It should also be understood that the fastening straps 18 and D-rings 20 are optional, particularly for very large, heavy bags, which remain balanced on the pipeline P due to their weight factor. Also, other fastening strap embodiments will be evident to one skilled in the art, such as mentioned above, within the scope of the present claims.

A second embodiment of the pipeline weighting device 100 is shown in FIGS. 6-9 with modifications being made in the longitudinal and transverse reinforcing straps for heavier bags. Features of the second embodiment which are similar or common to features of the first embodiment are labeled with similar numbers, increased by 100, but are otherwise not described in great detail for the second embodiment. Thus, for example filling sleeves 24 in the first embodiment are labeled 124 in the second embodiment, but are otherwise similar to that described above for the first embodiment.

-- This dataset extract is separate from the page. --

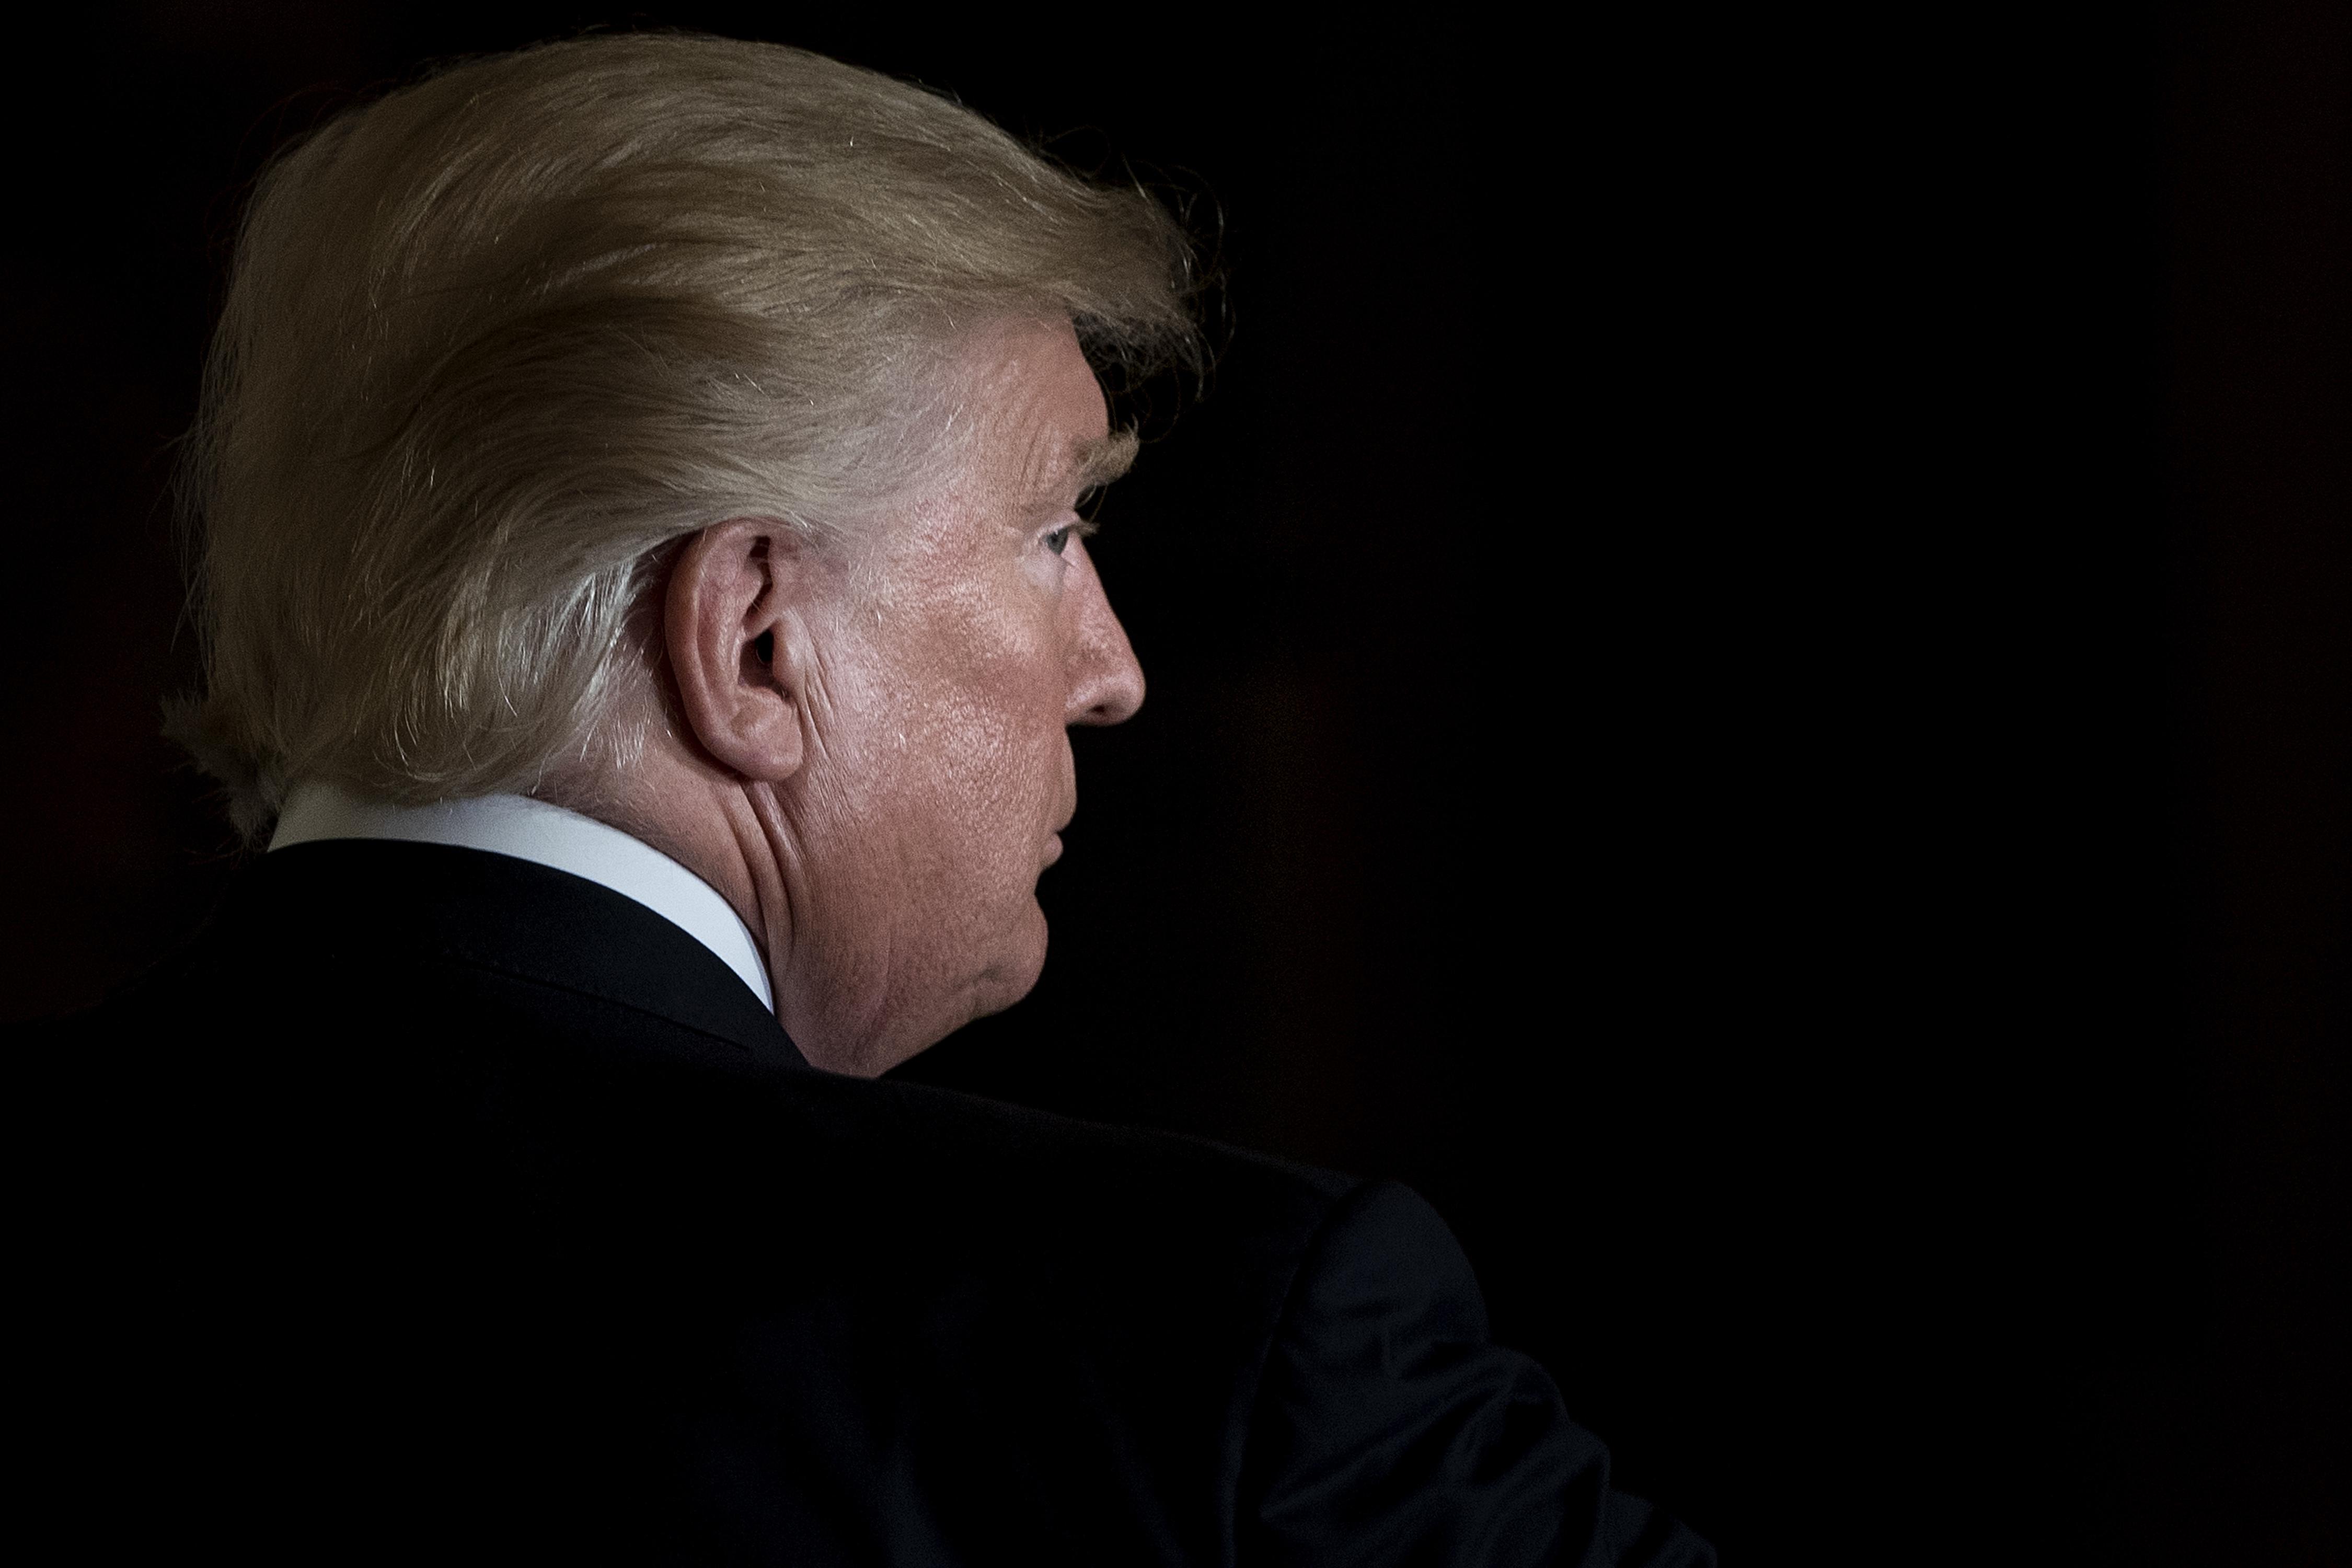 ACLU raises concerns amid Trump Twitter ban

FIGS. 6-9 show the second embodiment formed in four lobes with a left outermost lobe 114a, two innermost lobes 114b, 114c and a right outermost lobe 114d. The number of lobes may vary, but will include one or more left outermost lobes, one or more right outermost lobes and one or more (preferably two or more) innermost lobes, arranged so that the adjacent lobes are interconnected in linear, side by side relationship for balanced placement on the pipeline P. The lobes 114a-114d may be formed from a single web 112 as described above for the first embodiment. Each lobe 114a-114d has an outer side wall 112a formed from the web fabric, once divided or connected into the separate lobes. The bottom edges of the lobes 114a-114d are shown as closed ends 127, and the top edges are shown as filling ends 134, which are partially open through filling sleeves 124. FIGS. 6-9 show this second embodiment with self-closing filling sleeves 124 as described above for FIGS. 1-5, however, alternate types of closures for the filling ends 134 may be used, such as folding over or tying, as known in the art. In FIGS. 6 and 7, each filling sleeve 124 is shown to include left and right sleeve loops 124a at the top open edges of the sleeve 124. These sleeve loops 124a may be used to hold the sleeve 124 in position at the filling tube or nozzle during the filling operation.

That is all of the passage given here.